The Architectural Reality
ai/scripts/bootstrapWorktree.mjs — the canonical worktree-init substrate. Already has BOOTSTRAP_CONFIGS (the explicit allowlist for config.mjs files) — the same shape applies cleanly to data subdirs.
symlinkDataDir({dir = '.neo-ai-data'}) — current shape: single-dir all-or-nothing symlink with force clobber.
test/playwright/unit/ai/scripts/bootstrapWorktree.spec.mjs — existing test surface; the granular update needs symmetric coverage.
- Canonical
.neo-ai-data/ substrate-data subdirs (gitignored): sqlite/, chroma/, wake-daemon/, backups/, datasets/, neo-sqlite/. Plus tracked-only: concepts/. Plus a top-level memory-core.sqlite placeholder file (empty, harmless).

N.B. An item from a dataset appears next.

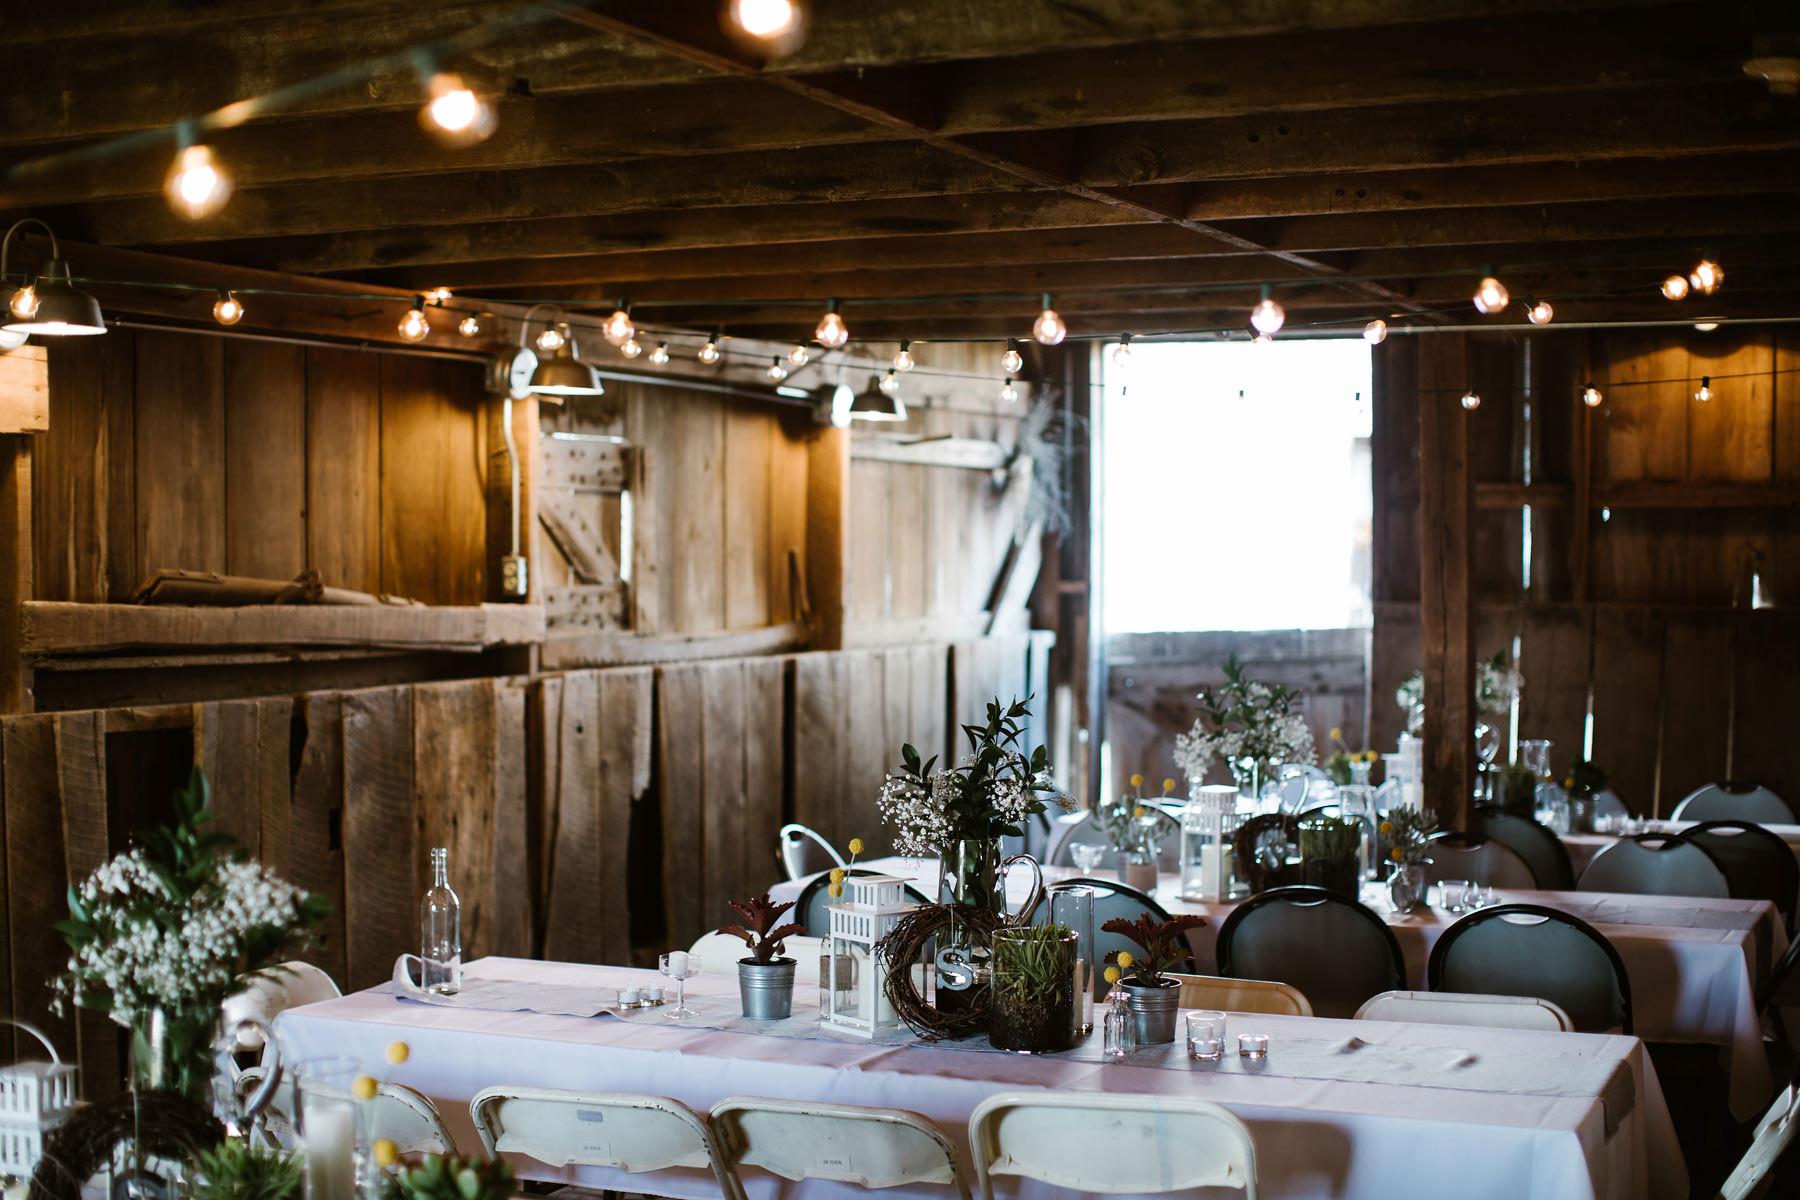 Alldredge Orchard Kansas City_Kindling Wedding Photography BLOG 11.JPG
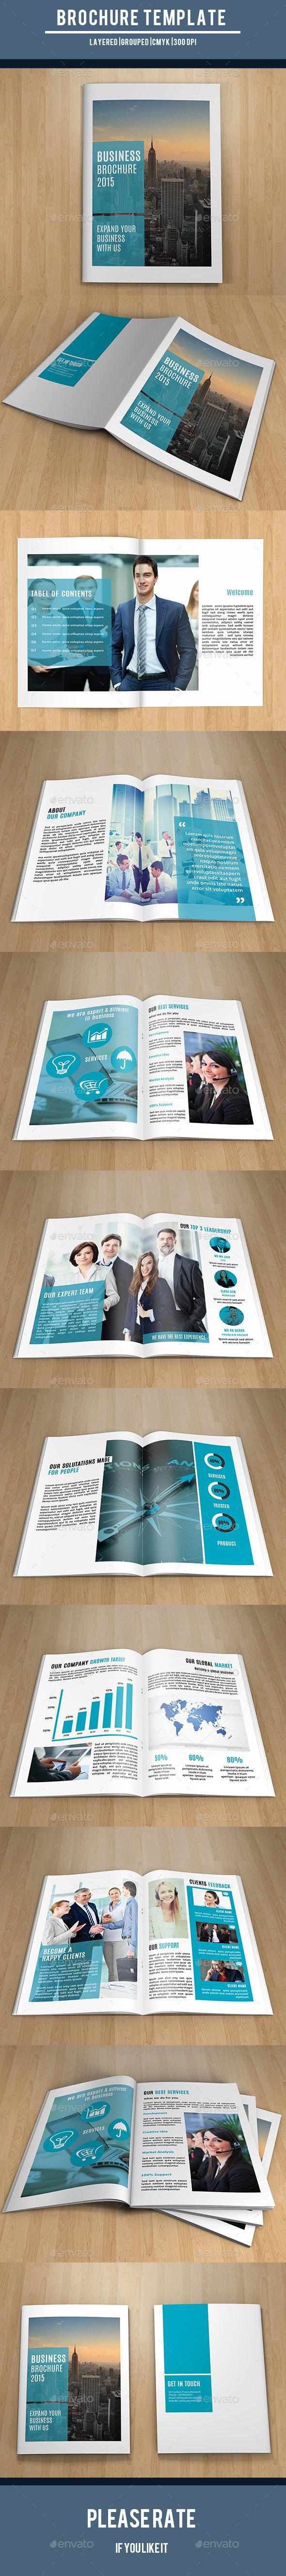 Corporate Brochure Template-V218 - Catalogs Brochures

wake-daemon/ symlinking is critical for #10423's PID-lock singleton enforcement to span worktrees — currently each worktree has its own wake-daemon/bridge-daemon.pid, so daemons spawned from different worktrees can't see each other's locks. Same logic for bridge.log (#10425 persistent log substrate).
The Fix
Replace the single-dir symlinkDataDir with a granular per-subdir version:
export const DATA_SUBDIRS_TO_LINK = [
'sqlite',
'chroma',
'wake-daemon',
'backups',
'datasets',
'neo-sqlite'
];
export async function symlinkDataDir({
mainCheckout, projectRoot,
subdirs = DATA_SUBDIRS_TO_LINK,
force = false, log = console.log
}) {
}
Touched surface:
ai/scripts/bootstrapWorktree.mjs — function signature change + new DATA_SUBDIRS_TO_LINK export + per-subdir loop
test/playwright/unit/ai/scripts/bootstrapWorktree.spec.mjs — extend existing tests, add cases for: idempotent re-link per-subdir, refuse-clobber-without-force per-subdir, force-clobber per-subdir, skip-no-source-subdir, concepts/ never touched
Acceptance Criteria
Out of Scope
- Auto-discovery of subdirs via
git check-ignore (deferred — hardcoded allowlist is more conservative and the substrate-data subdir set is small + stable; revisit if churn warrants)
- Migration script for existing broken worktrees (manual
rm -rf + ln -s is one-shot; no need for tooling)
- Changes to the parent
.neo-ai-data/ directory itself (it's left as a regular dir; only its substrate-data children are symlinked)
- Changes to
concepts/ synchronization across worktrees (it's git-tracked; works through normal git mechanics)
- Bridge-daemon-side changes to handle non-symlinked deployments (out of scope; this fix addresses the substrate, not the consumer)
Avoided Traps
- Trap: Auto-discover via
git check-ignore per-subdir at runtime. Avoided: Adds dependency on git invocation in a path that should be fast and deterministic; hardcoded allowlist is more transparent and a small list is fine.
- Trap: Symlink the parent
.neo-ai-data/ and special-case concepts/ afterward. Avoided: Leaves a window where concepts/ is wrong; granular per-subdir symlinking is cleaner.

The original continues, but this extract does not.